Аркадия пустеет, уезжает и семья Кроха. Крох – удивительное создание, он особенно видит мир, он всем мил и «напрямую подключен ко Вселенной». Поначалу кажется, что ему прямая дорога в поэты, но он выберет фотографию, чтобы ловить «не эффектные жесты, нет – мимолетные вздохи».
С ранней юности он любит дочь Хэнди – Хелле. Пройдя через испытание чрезмерной свободой, она, казалось, оправилась: они женятся, у них рождается дочка. Однако старое не отпускает Хелле, и после немногих лет по видимости счастливой жизни она уходит, исчезает бесследно. А Крох, оставшись с маленькой Гретой, продолжает ее ждать. «Ее невидимые руки – путы, оковы, невидимые ее глаза приглядывают за ним. Ее белое, как корень петрушки, тело, в которое он не в силах перестать верить, прямо сейчас ждет его дома, в тесной квартирке, дремлет, пока он не скользнет обратно под простыни, которые они несколько лет назад вместе купили».

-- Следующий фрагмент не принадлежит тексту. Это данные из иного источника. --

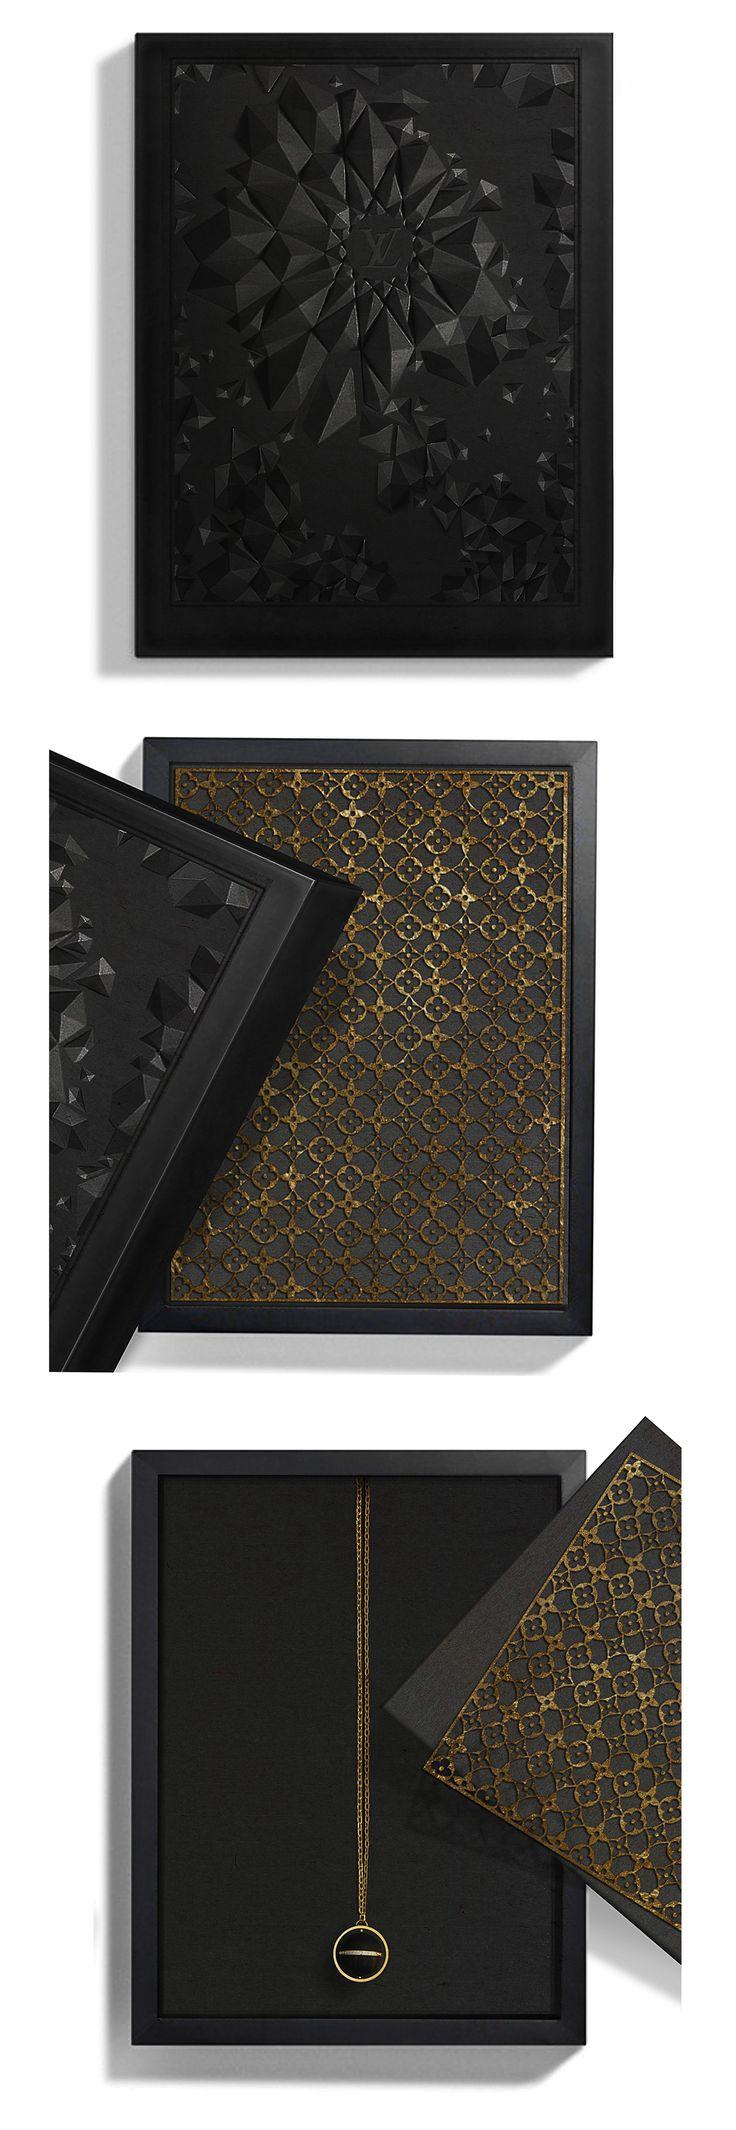 Louis Vuitton Packaging

Мучительное ожидание прерывает другая беда – болезнь родителей Кроха. Они принимают большую дозу снотворного, чтобы уйти вместе, но отец умирает, а мать удается спасти на время. Это совпадает с мировым бедствием, пандемией (отметим прозорливость автора, роман вышел за несколько лет до того ее варианта, который выпало пережить нам), но возвращение к истокам, в Аркадию, уберегает Кроха и Грету и дает ему сил вернуться к жизни после всех утрат.
В заключение отметим интенсивно поэтический язык, своеобычную, как бы глазами ребенка, передачу прямой речи, и то, что в прекрасном переводе Меленевской чувствуется, что сама она попала под очарование текста. Остается надеяться, что проникнется и читатель.